Ms. Toensing. Go ahead. I am sorry. I thought you were through.

 

Mr. Leser. No. I was trying to finish. So they go through a process of looking through these, and there may be 10, there may be 20. It varies with the audit. They then decide from that process whether or not there needs to be a written letter, and then what items, if any, should go in the written letter that are appropriate.

Looking at this, the genesis of this is a newsletter that came to someone in our tax department, who wrote this note on the next page behind it, indicating that they believed that this comment should be included, and the Susan is a Susan in our tax department. I noticed this newsletter is dated April 21, 1997. The audit field work has already been long completed, and I believe that Susan, just making comments as tax people do, passed this along to Rebecca for her to include it, as I look at this note.

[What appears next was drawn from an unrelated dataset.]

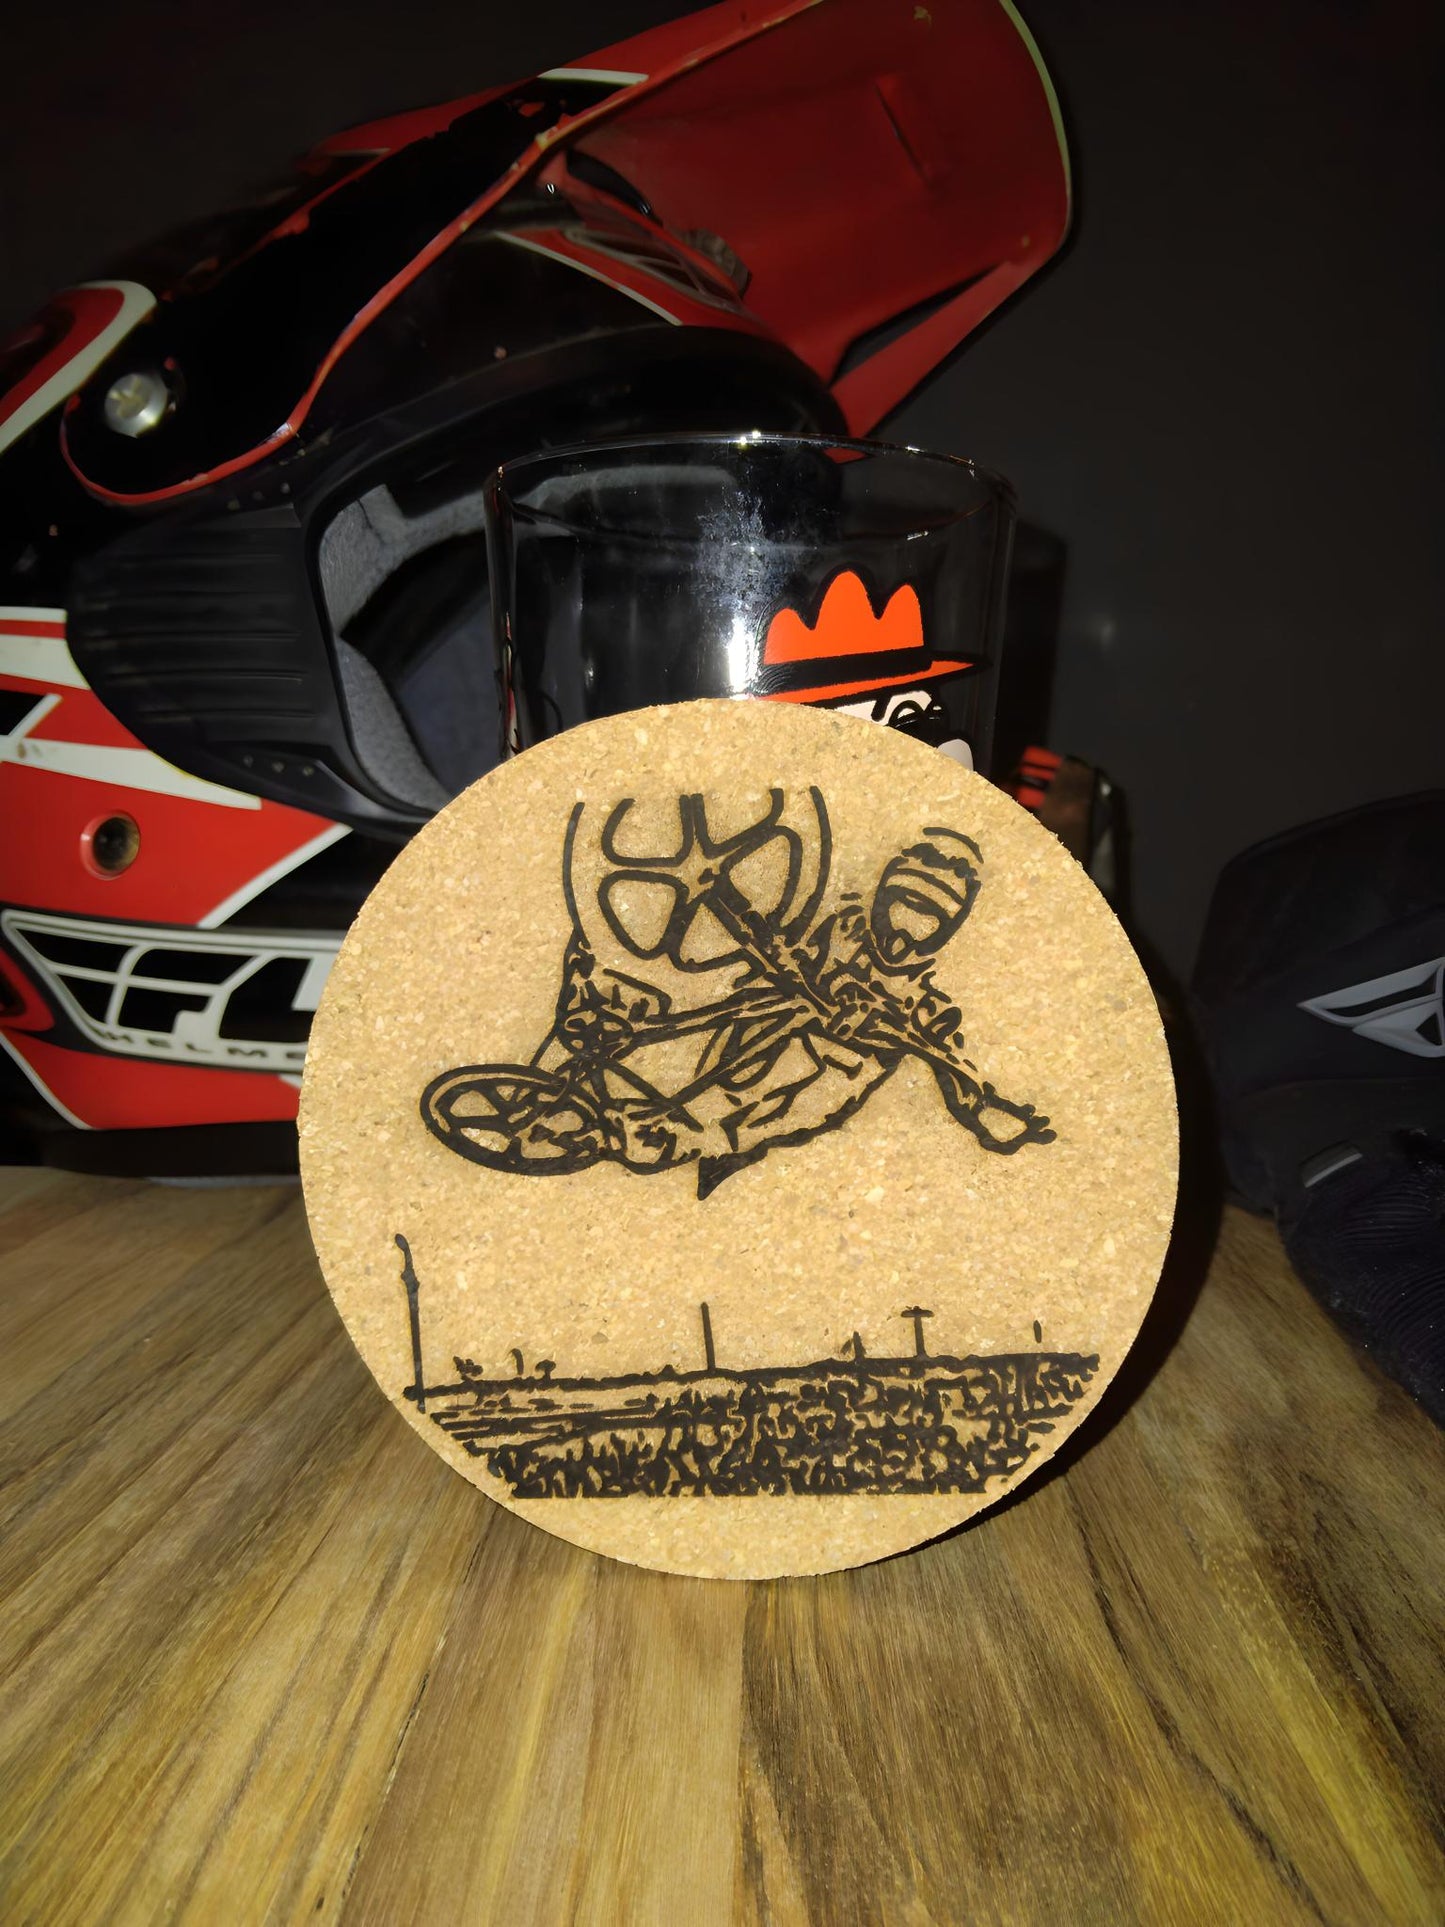 Freestyle BMX Artwork Coaster - Front

Like I said, in the process of drafting the advisory letter, which is done after the audit is complete, the managers will look at that information and then decide whether the letter should be prepared. The draft letter that was prepared did not include this comment.

 

Ms. Toensing. Excuse me. I need to ask you a few more questions. Did you remember all this after you talked with your counsel yesterday?

 

Mr. Leser. I did not see these documents, as I was about to get to, if you will allow me to finish, please--

 

Ms. Toensing. I only have so much time, so I have to ask you some more questions.

 

Mr. Leser. Of course.

 

Ms. Toensing. But if you would like to meet with us at a time after this hearing, we would love to meet with you. We would love to have an interview.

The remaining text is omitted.